Прекрасные изгнанники - Клейтон Мег Уэйт. Страница 19

Мы пили виски, а посетители таверны вовсю подпевали гитаристу. Испанские слова звучали энергично и округло, как «ронг-караронг-ронг-ронг».

– Ну а чем ты занимался зимой? – поинтересовалась я.

– Самозабвенно дразнил сестер, – ответил Эрнест. – Давал им разные прозвища, а они постоянно на меня злились.

– Надеюсь, ни одно из них не было обиднее, чем Студж? – спросила я.

– Ты, Студж, особая статья, с тобой никто не сравнится.

Я снова пригубила виски, которое после этих слов казалось теплее и намного приятнее на вкус, и подумала, что лучше бы мне больше не пить, но вместо этого сделала еще глоток.

– А мой бывший возлюбленный звал меня Кроликом, – призналась я и сразу же об этом пожалела.

Эрнест посмотрел на меня с нескрываемым интересом – он понял, что нашел трещину в моей броне. Бертран действительно называл меня Кроликом, а я его Смуфом. Этот человек настолько заморочил мне голову, что полностью подчинил себе. Да, он любил меня и все собирался развестись с женой, но никак не мог поставить точку в этой истории. В результате я дала ему прозвище Ангел разрушения, хотя на самом деле Бертран ничего не разрушал: наши отношения погубили упрямство его супруги, а также мое собственное нетерпение и неспособность противостоять воле отца.

– Думаю, Студж подходит тебе больше, чем Кролик, – сказал Эрнест.

Я повертела в руке стакан с виски. И, собравшись с духом, спросила:

– Скруби, а как тебя звали твои друзья, когда ты был маленьким?

– По всякому. Но хуже Скруби в любом случае не придумать.

Эрнест снова рассмеялся. Я тоже благодарно рассмеялась в ответ и заявила:

– О, ты еще не знаешь моих способностей. Могу изобрести и похуже.

– Например?

– Гигантский Водяной Клоп.

– Гигантский Водяной Клоп? Отличное прозвище, Студж, – одобрил Хемингуэй. – Но уж больно длинное, сразу и не выговоришь.

– Ладно, постараюсь придумать что-нибудь попроще.

В ответ на зацепившую меня историю о том, что Эрнеста в детстве пороли ремнем для правки бритвы, я поведала ему, как непросто было с моим собственным отцом.
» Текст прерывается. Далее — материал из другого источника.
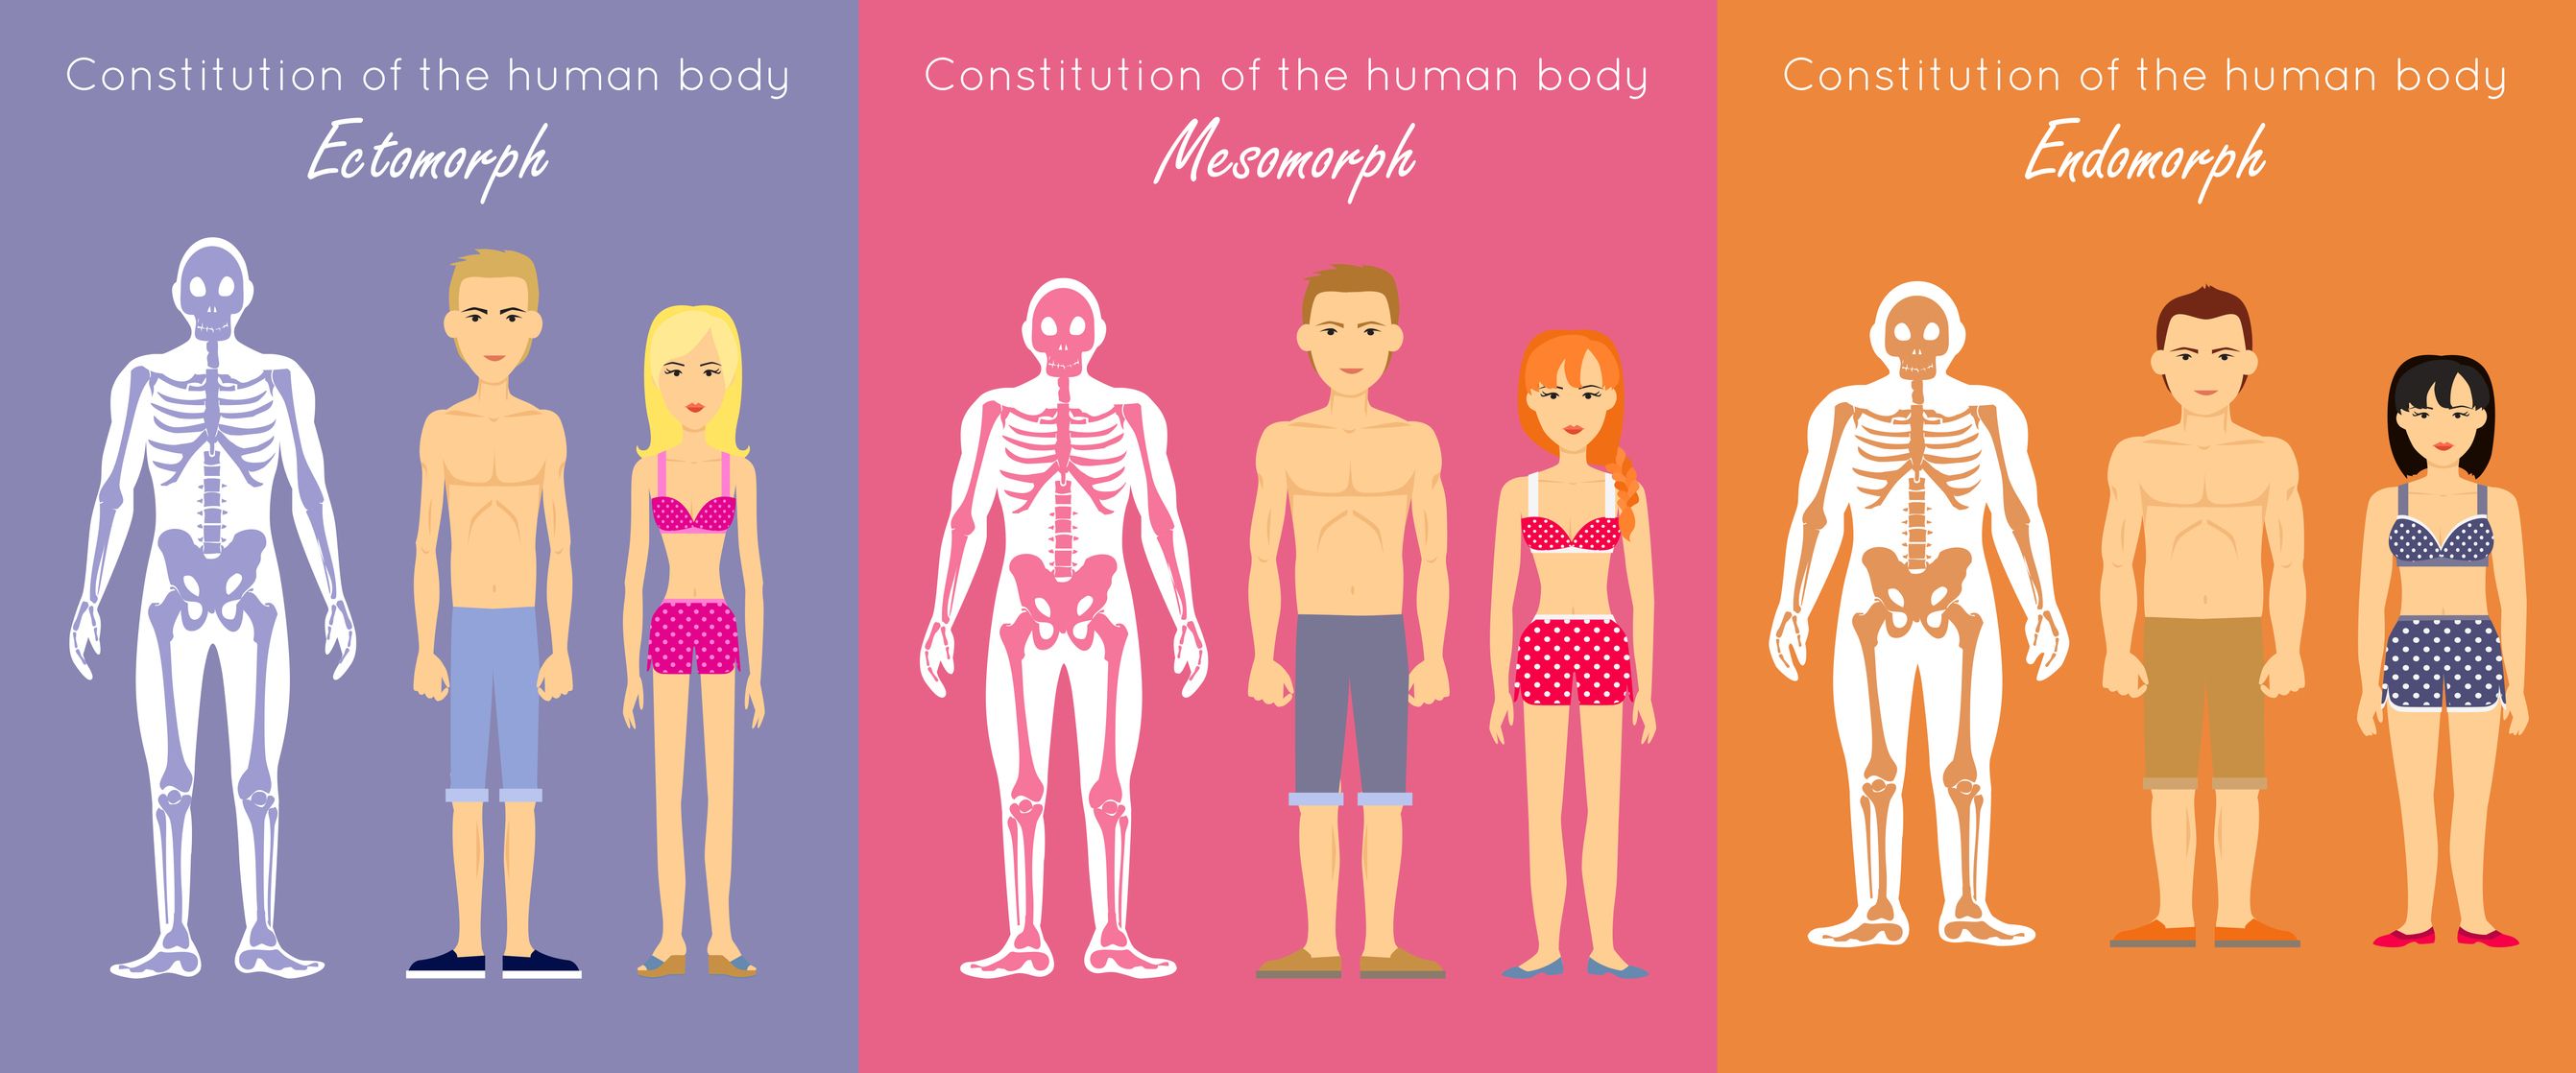 Human body types. Mesomorphic athletic body and full endomorphic
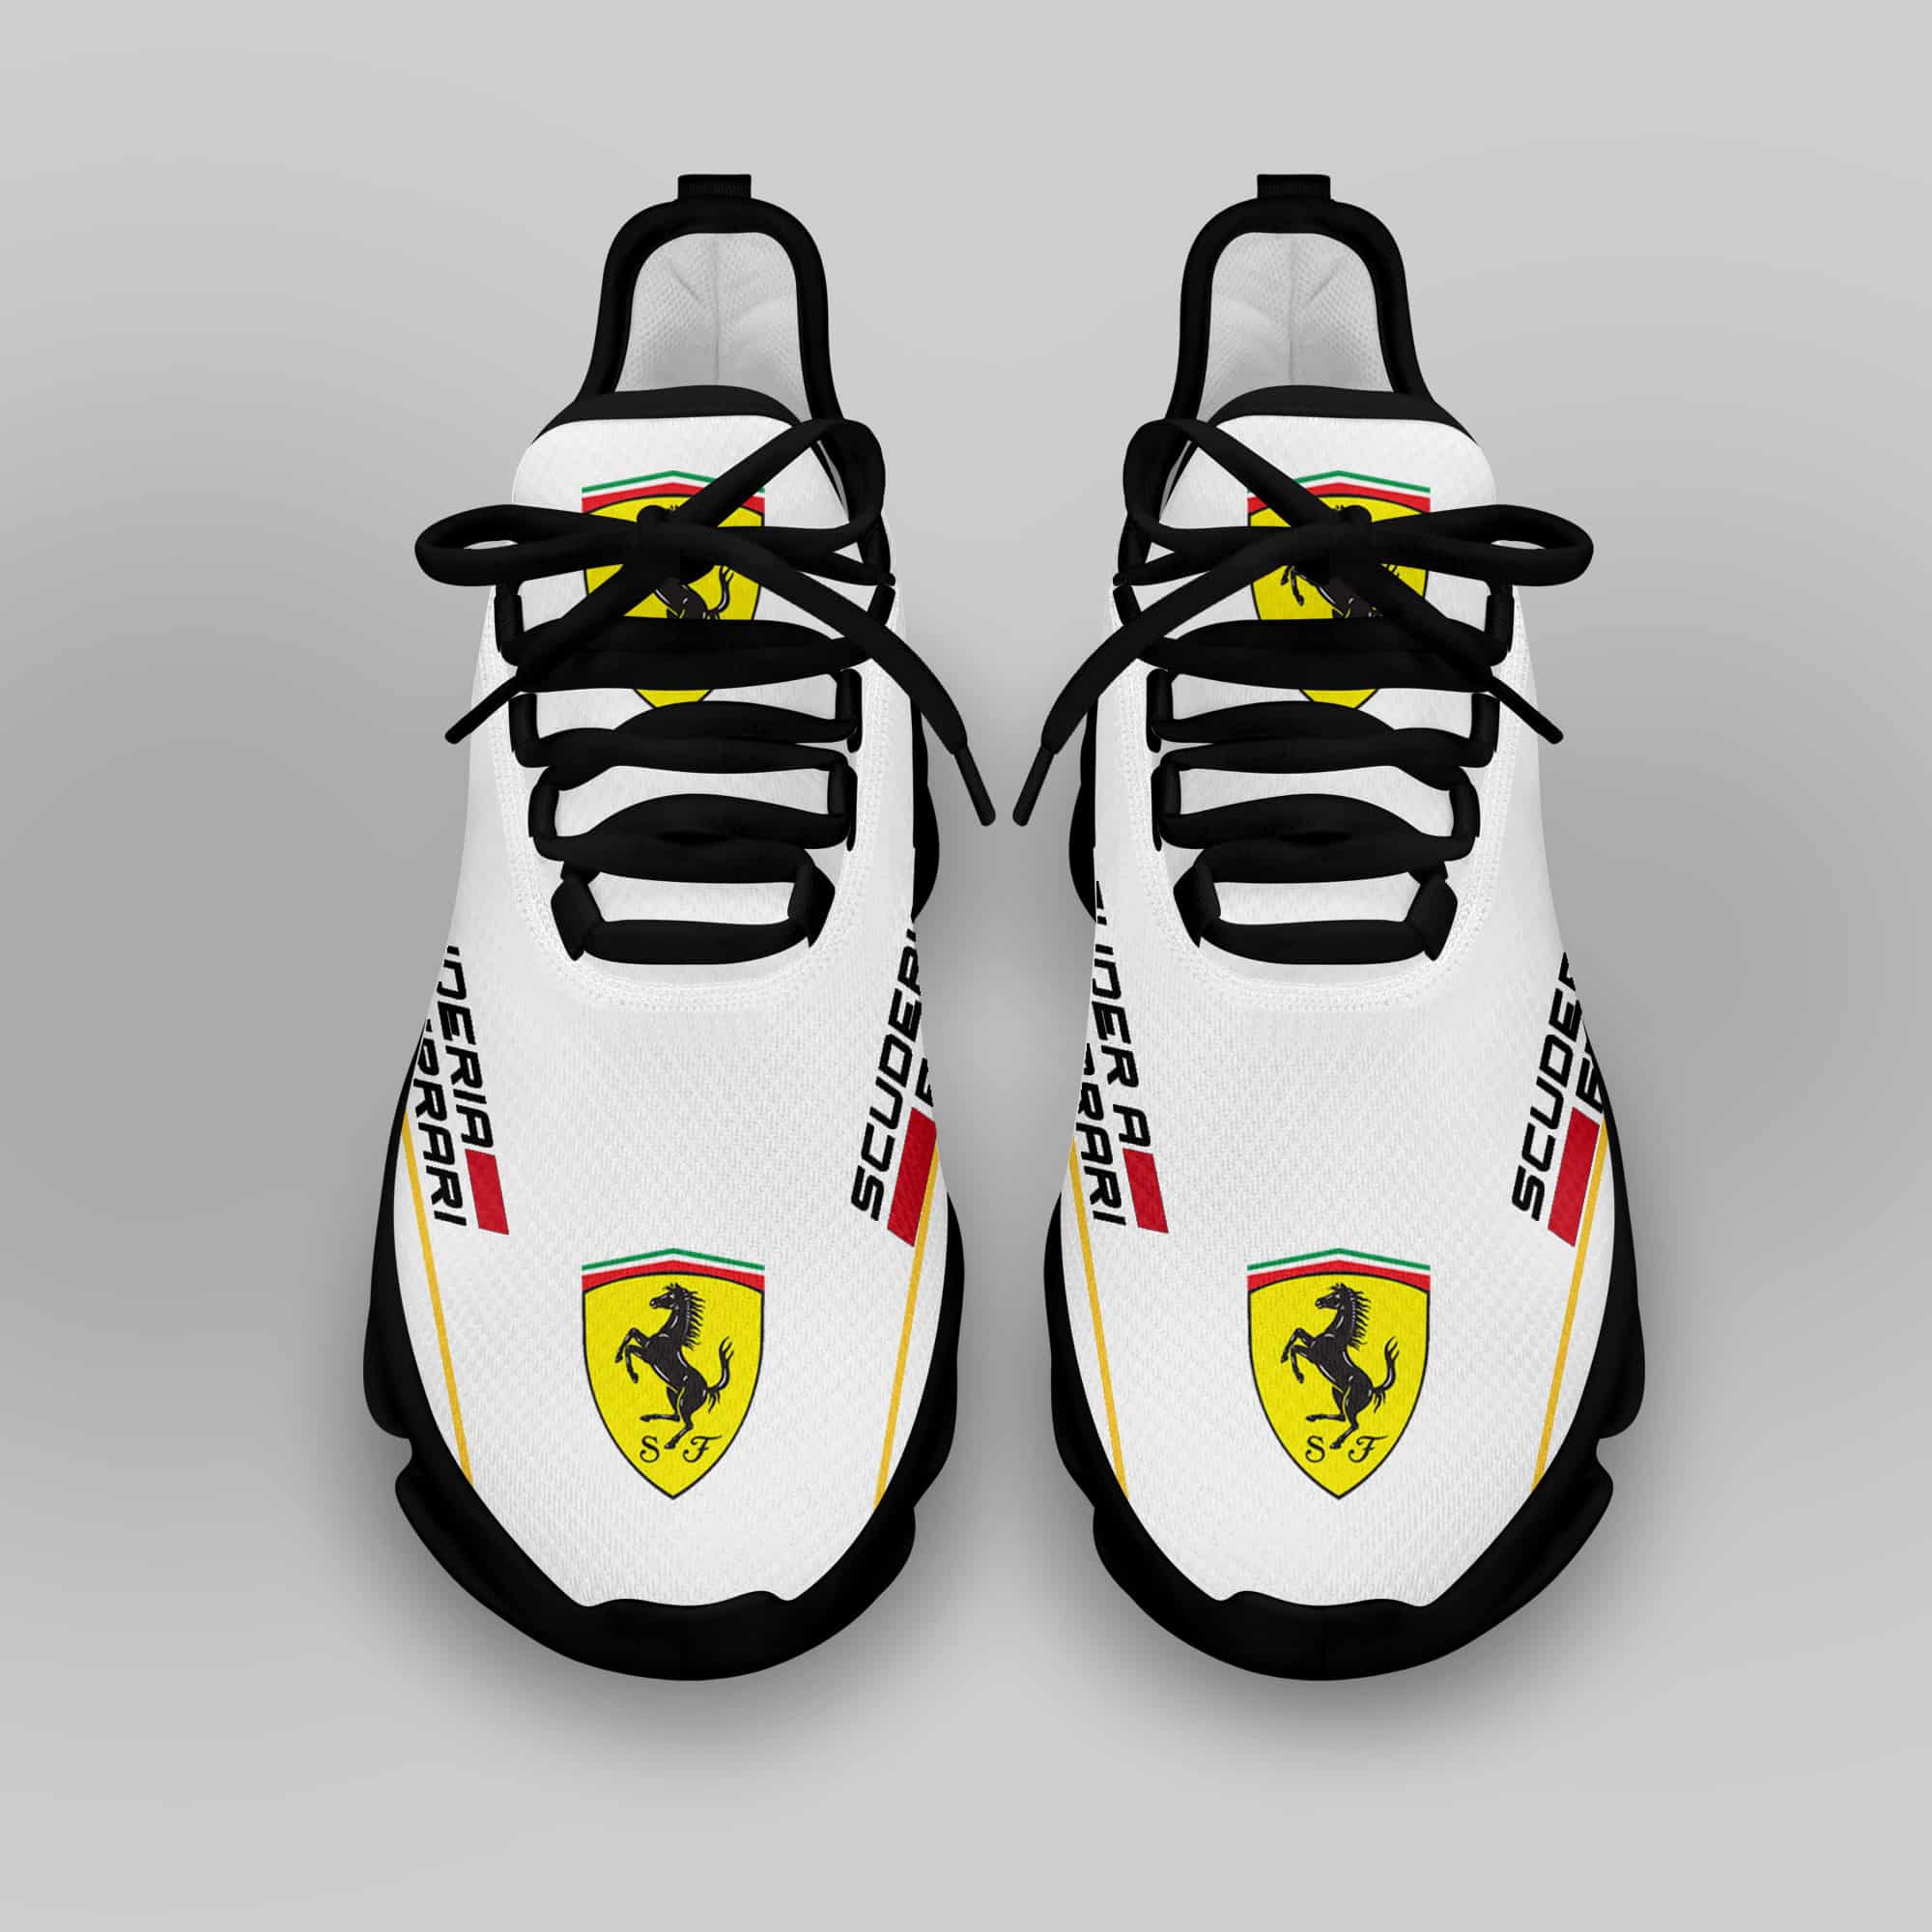 Ferrari Sneaker Running Shoes Max Soul Shoes Sneakers Ver 32 4

Нет, я не жаловалась на то, что папа из-за моей любви к Бертрану называл меня конченой эгоисткой, но рассказала достаточно, чтобы Хемингуэй мог сам сделать выводы.

– Отец умер чуть больше года назад.

– Я сразу почувствовал черноту в душе твоей матери тогда, в Ки-Уэсте.

В таверне стало тихо. Певец ушел, остались только пустой стул и прислоненная к стене гитара.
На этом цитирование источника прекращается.